Are we at the point where we think there is underlying configuration/environment issue?

Hi @Paul.Gregory, just checking - is “the error remains” referring to this error:

ESMF mesh and MOM6 domain masks are inconsistent!

or this one:
field u_segment_001 Array size mismatch in time_interp_external
?

I am using payu1.1.6 upgraded from payu1.1.5

Sorry.

It’s still generating warnings and errors related to time dimensions, e.g.

WARNING from PE     9: categorize_axes: Failed to identify x- and y- axes in the axis list (nx_segment_004, ny_segment_004, time) of a varia
ble being read from INPUT/forcing_obc_segment_004.nc

FATAL from PE     9: time_interp_external 2: time 734868 (20130101.000000 is after range of list 731215-731219(20030101.000000 - 20030105.00
0000),file=INPUT/forcing_obc_segment_001.nc,field=u_segment_001

FYI I’m inquiring at NCI for help in MPI fortran debugging session. I have lots of serial fortran debugging experience (using gdb and ifort) so I’m thinking debugging this regional MOM6 configuration will be helpful tracking down these errors.

Will also be good for my own MOM6 education.

I’ll follow the spack-MOM6 compilation instructions again, and make sure I add debug flags. Then I’ll use this exe for my own config.

But I’ll also try with payu 1.1.6

1 Like

In the meantime - I will redo my example so the time matches everyone else’s.

6 posts were split to a new topic: Setting build options for OM3

@Paul.Gregory
I haven’t tried recently, but I am expecting them to be the same.
We wanted to have the global and regional models both on the symmetric executable but there are some restart reproducibility issues so we need to leave the +mom_symmetric step in for now.
If you are using the most recent ACCESS-om3 version, you may need to follow the regional mom6 setup instructions from the start as there have been some changes in the global configurations that we base the regional configurations on (so the executable will not be compatible with the input files).

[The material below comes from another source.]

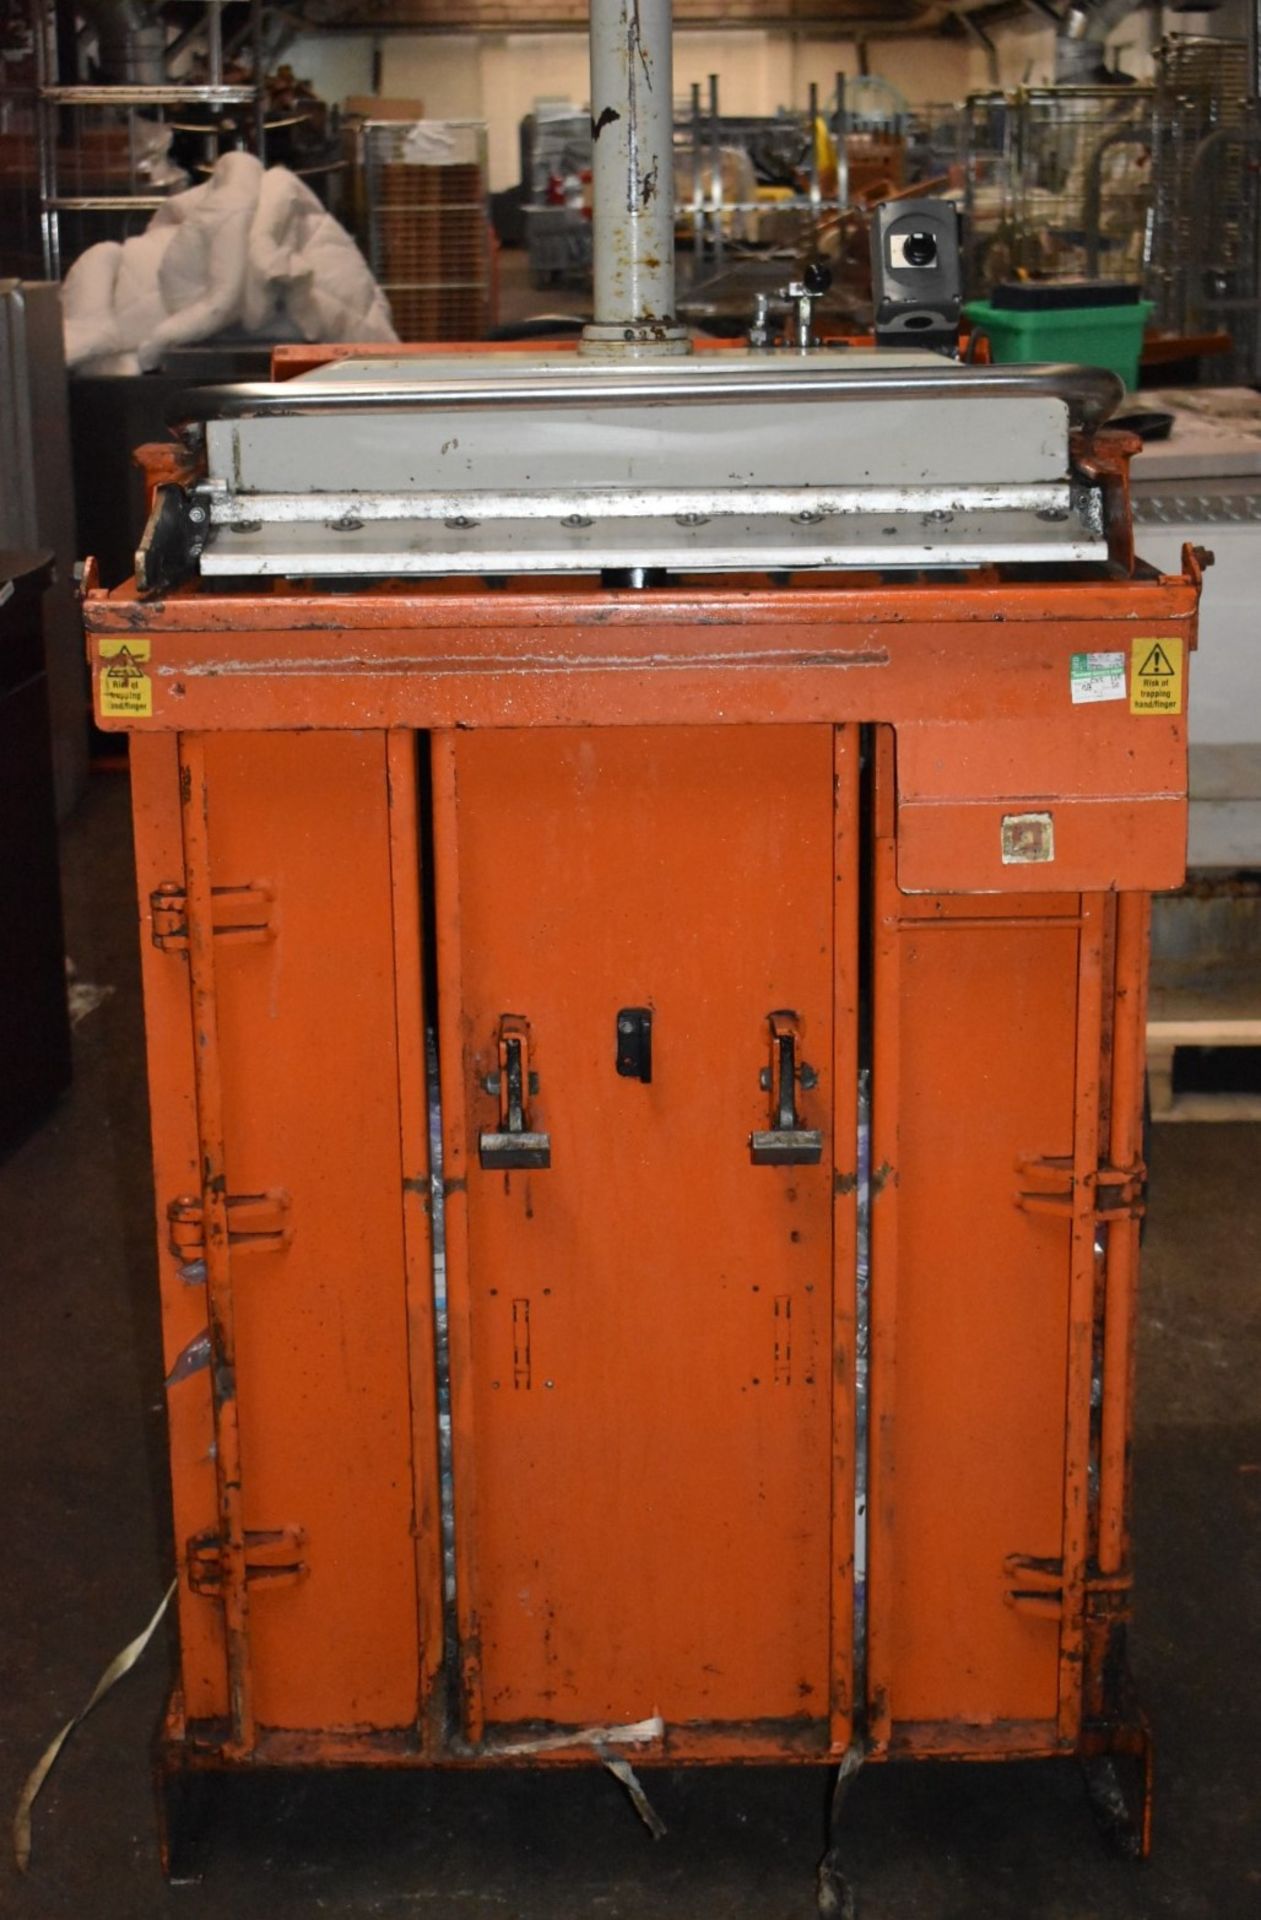 1 x Orwak 5010 Hydraulic Press Compact Cardboard Baler - Used For Compacting Recyclable or Non- - Image 7 of 15

@Paul.Gregory, I now have a simulation with an error similar to yours. For me, it was caused by mixing and matching the input boundary condition (forcing_obc_segment_00*.nc) files and configuration files (MOM_*). There are different versions of the regional-mom6 package which has resulted in different versions of the boundary condition files floating around. The forcing_obc_segment_00*.nc files created in one version are incompatible with the MOM_* files created with a different version.

Basically, there are differences in the order that the boundary conditions are specified and the direction they go in.

This line:

OBC_SEGMENT_001 = "J=N,I=N:0,FLATHER,ORLANSKI,NUDGED,ORLANSKI_TAN,NUDGED_TAN" !None

(and others like it for each of the 4 segments) tell the model which edge forcing_obc_segment_001.nc is on, and which direction the boundary is read in. It is different in different versions to reflect the differences in the netcdf files.

Not too sure if this is what is causing your error – but it would be good to check that you are using the MOM_* files that were made with the same notebook as the input netcdf files.

1 Like